LeetCode Solution, Medium, 142. Linked List Cycle II
找出連結序列的迴圈連接節點
Published
142. Linked List Cycle II
題目敘述
Given the head of a linked list, return the node where the cycle begins. If there is no cycle, return null.
There is a cycle in a linked list if there is some node in the list that can be reached again by continuously following the next pointer. Internally, pos is used to denote the index of the node that tail's next pointer is connected to (0-indexed). It is -1 if there is no cycle. Note that pos is not passed as a parameter.
Do not modify the linked list.
Example 1:
Input: head = [3,2,0,-4], pos = 1
Output: tail connects to node index 1
Explanation: There is a cycle in the linked list, where tail connects to the second node.
Example 2:
Input: head = [1,2], pos = 0
Output: tail connects to node index 0
Explanation: There is a cycle in the linked list, where tail connects to the first node.
Example 3:
Input: head = [1], pos = -1
Output: no cycle
Explanation: There is no cycle in the linked list.
Constraints:
- The number of the nodes in the list is in the range
[0, 10**4]. -10**5 <= Node.val <= 10**5posis-1or a valid index in the linked-list.

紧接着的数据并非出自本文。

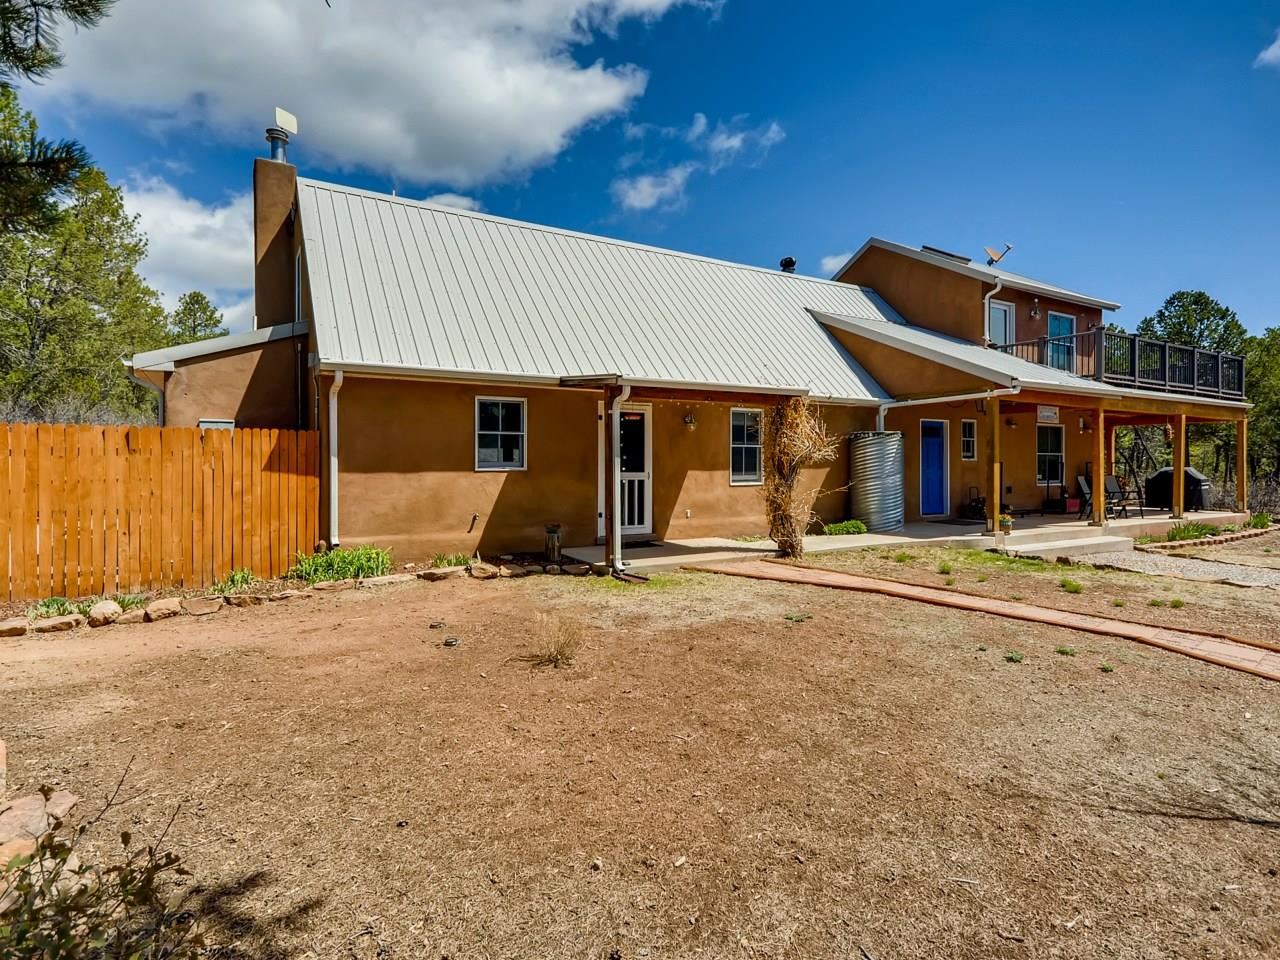 41 Trail, Glorieta, New Mexico 87535, 3 Bedrooms Bedrooms, ,4 BathroomsBathrooms,Residential,For Sale,41 Trail,202101912

Follow up: Can you solve it using O(1) (i.e. constant) memory?
題目翻譯
嘗試在空間複雜度是常數的情況下解題。
這題是昨天 141 的延伸,有一個連接序列 head,要找出迴圈開始的節點。如果沒有迴圈就回傳 null。
解法解析
解法也是跟昨天的 141 一樣,使用 Hash Table 或是判圈演算法。不同的是因為要找出的是迴圈的連接點,所以在找到龜兔的交會點時,會需要再從交會點和起始點,重新做一次同速比較來找出迴圈的連接點。詳細的解法概念,應該會再另外寫在演算法系列吧。
解法範例
Go
Hash Table
/**
* Definition for singly-linked list.
* type ListNode struct {
* Val int
* Next *ListNode
* }
*/
func detectCycle(head *ListNode) *ListNode {
var visited = make(map[*ListNode]bool)
node := head
for node != nil {
if visited[node] {
return node
}
visited[node] = true
node = node.Next
}
return nil
}
Floyd's Tortoise and Hare
/**
* Definition for singly-linked list.
* type ListNode struct {
* Val int
* Next *ListNode
* }
*/
func detectCycle(head *ListNode) *ListNode {
if head == nil {
return nil
}
intersect := getIntersect(head)
if intersect == nil {
return nil
}
ptr1 := head
ptr2 := intersect
for ptr1 != ptr2 {
ptr1 = ptr1.Next
ptr2 = ptr2.Next
}
return ptr1
}
func getIntersect(head *ListNode) *ListNode {
tortoise := head
hare := head
for hare != nil && hare.Next != nil {
tortoise = tortoise.Next
hare = hare.Next.Next
if hare == tortoise {
return tortoise
}
}
return nil
}
JavaScript
Hash Table
/**
* Definition for singly-linked list.
* function ListNode(val) {
* this.val = val;
* this.next = null;
* }
*/
/**
* @param {ListNode} head
* @return {ListNode}
*/
var detectCycle = function (head) {
const visited = new Set();
let node = head;
while (node !== null) {
if (visited.has(node)) {
return node;
}
visited.add(node);
node = node.next;
}
return null;
};
Floyd's Tortoise and Hare
/**
* Definition for singly-linked list.
* function ListNode(val) {
* this.val = val;
* this.next = null;
* }
*/
/**
* @param {ListNode} head
* @return {ListNode}
*/
var detectCycle = function (head) {
if (head === null) return null;
const intersection = getIntersection(head);
if (intersection === null) return null;
let ptr1 = head,
ptr2 = intersection;
while (ptr1 !== ptr2) {
ptr2 = ptr2.next;
ptr1 = ptr1.next;
}
return ptr1;
};
const getIntersection = (head) => {
let tortoise = head,
hare = head;
while (hare !== null && hare.next !== null) {
tortoise = tortoise.next;
hare = hare.next.next;
if (tortoise === hare) return tortoise;
}
return null;
};
Kotlin
Hash Table
/**
* Example:
* var li = ListNode(5)
* var v = li.`val`
* Definition for singly-linked list.
* class ListNode(var `val`: Int) {
* var next: ListNode? = null
* }
*/
class Solution {
fun detectCycle(head: ListNode?): ListNode? {
val visited = mutableSetOf<ListNode>()
var node = head
while (node != null) {
if (visited.contains(node)) {
return node
}
visited.add(node)
node = node.next
}
return null
}
}
Floyd's Tortoise and Hare
/**
* Example:
* var li = ListNode(5)
* var v = li.`val`
* Definition for singly-linked list.
* class ListNode(var `val`: Int) {
* var next: ListNode? = null
* }
*/
class Solution {
private fun getIntersect(head: ListNode): ListNode? {
var tortoise: ListNode? = head
var hare: ListNode? = head
// A fast pointer will either loop around a cycle and meet the slow
// pointer or reach the `null` at the end of a non-cyclic list.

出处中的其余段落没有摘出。